* [EXERCISE INSTRUCTIONS]:
Your task is to repeat exactly the lines below between the line holding "siematic showroomkeukens siematic" and the line holding "In the Breeze - Panda", inclusive, and only those.

* [SUPPLIED RECORDS]:
== Segment start ==
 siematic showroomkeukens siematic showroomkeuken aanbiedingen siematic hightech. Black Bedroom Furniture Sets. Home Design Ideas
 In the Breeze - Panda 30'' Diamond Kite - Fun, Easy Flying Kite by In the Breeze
== Segment end ==
== Segment start ==
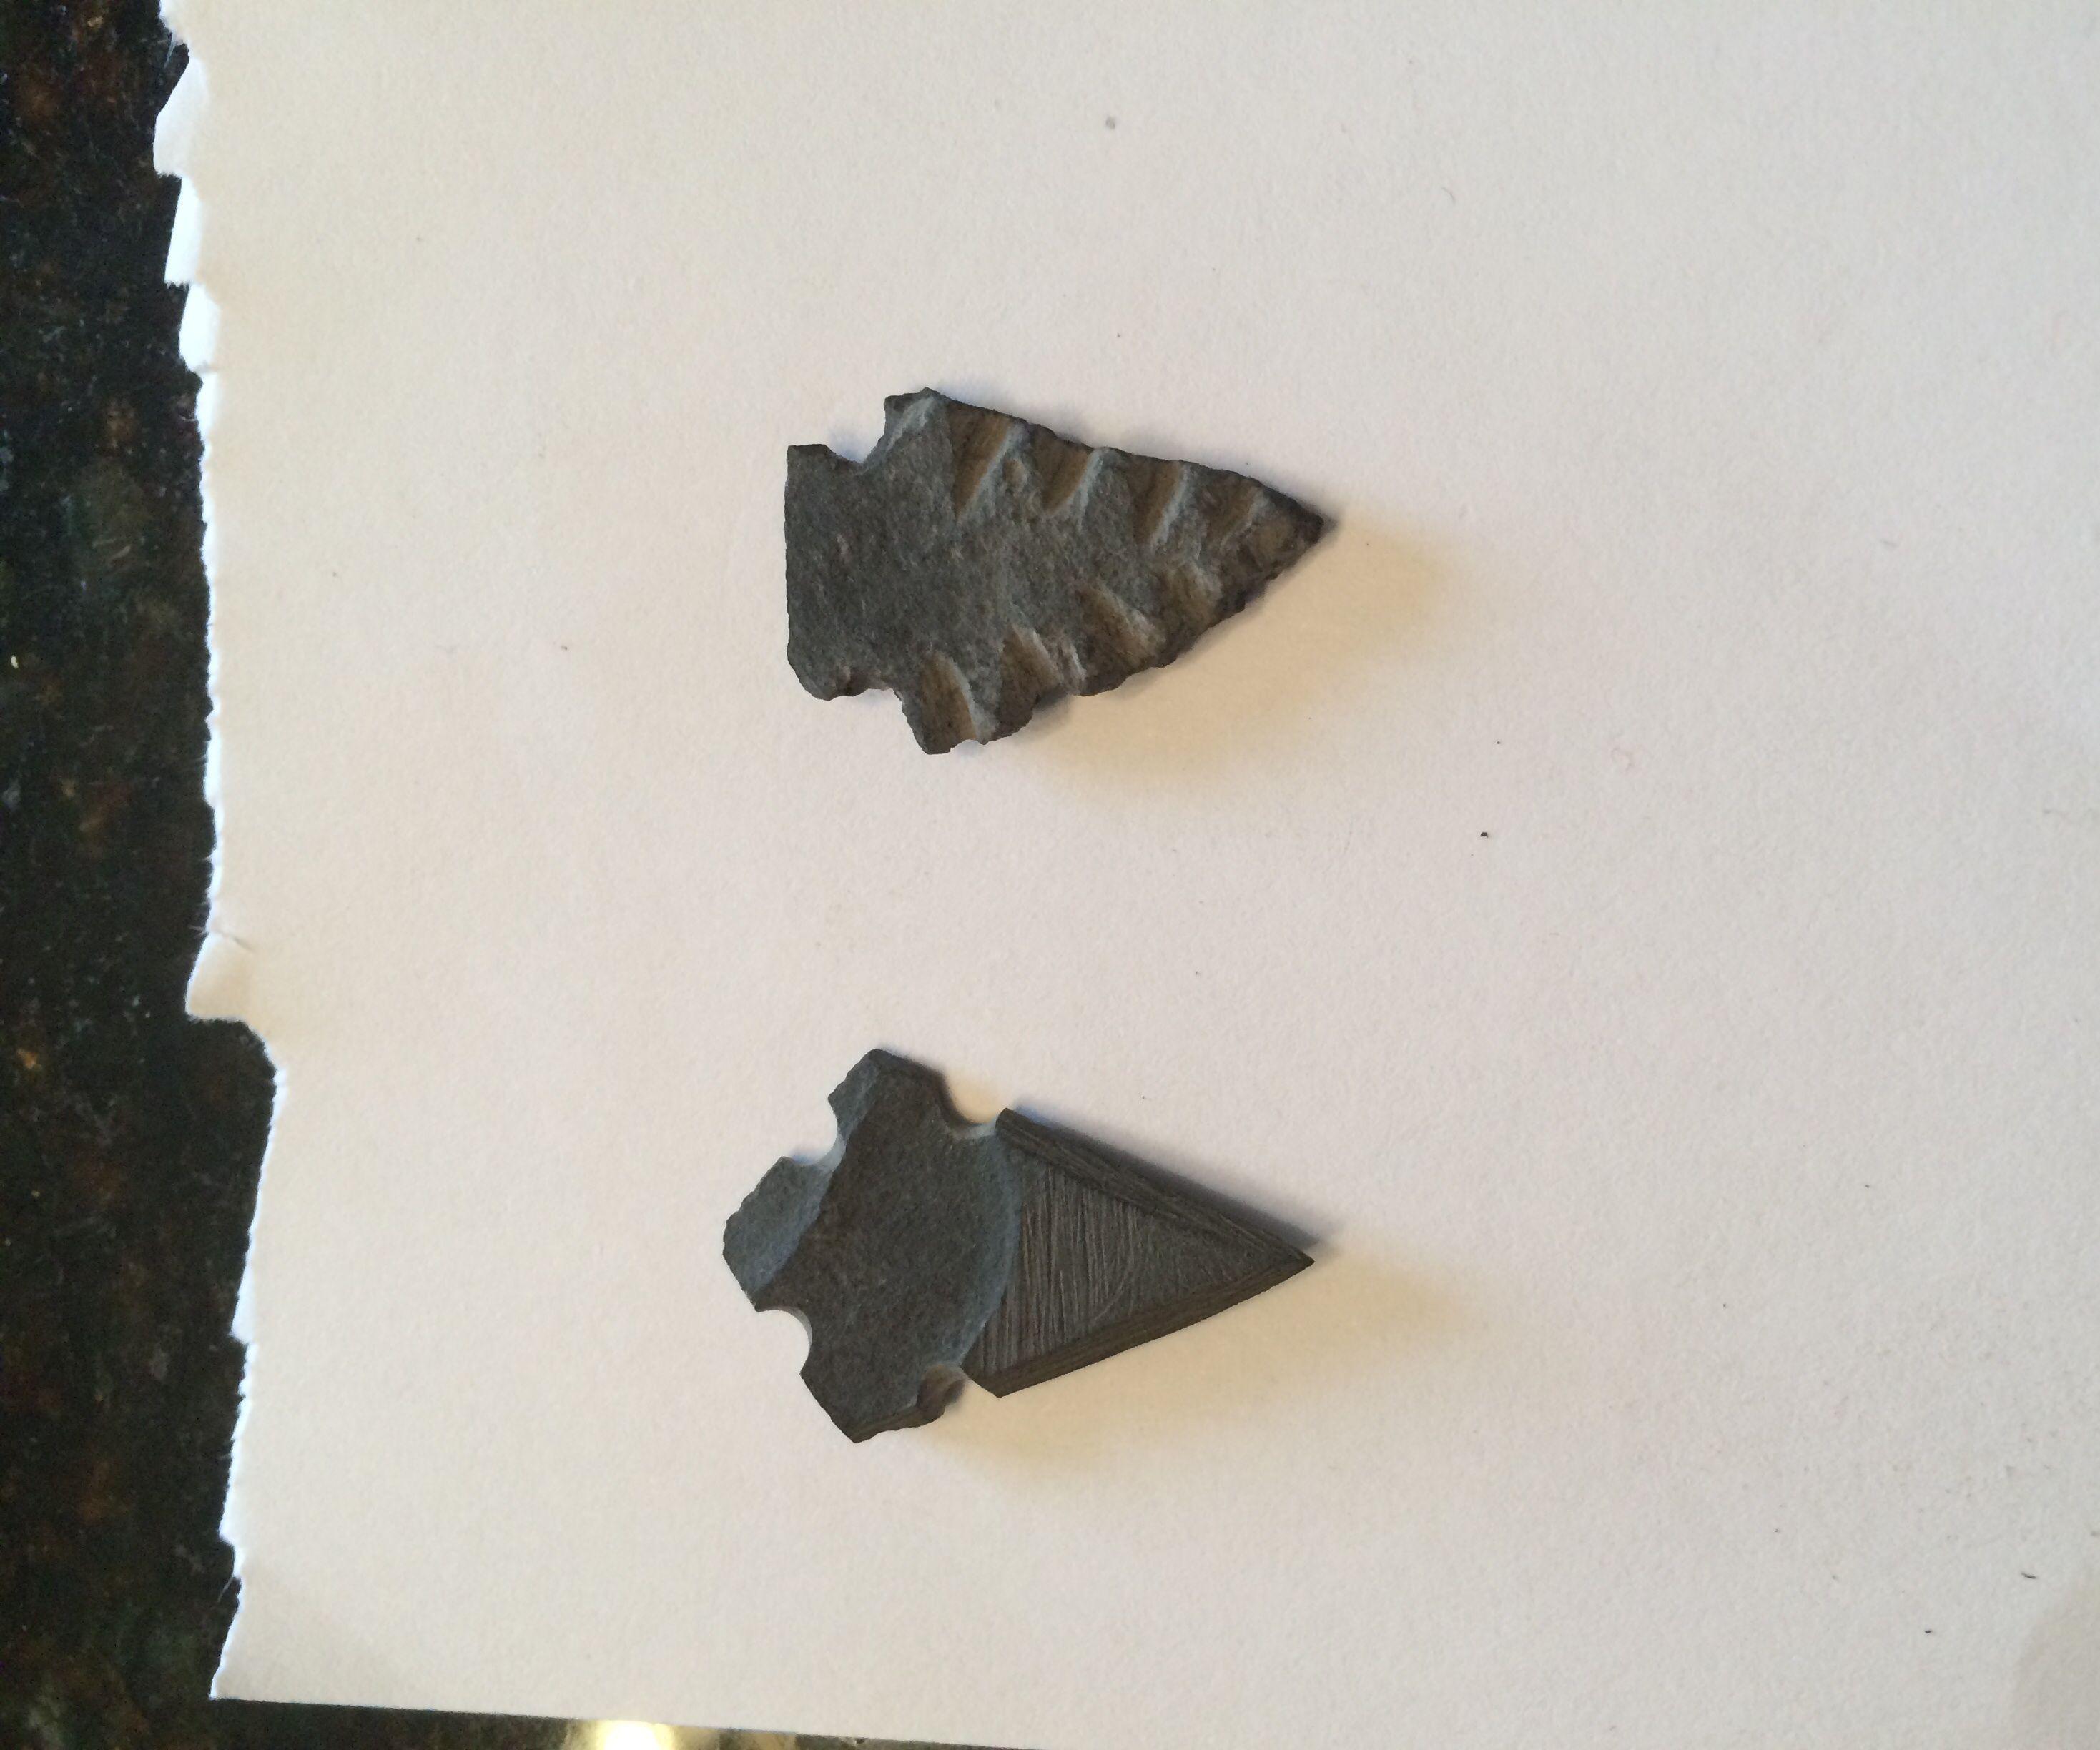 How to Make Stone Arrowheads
== Segment end ==
* [FINAL ANSWER]:
 siematic showroomkeukens siematic showroomkeuken aanbiedingen siematic hightech. Black Bedroom Furniture Sets. Home Design Ideas
 In the Breeze - Panda 30'' Diamond Kite - Fun, Easy Flying Kite by In the Breeze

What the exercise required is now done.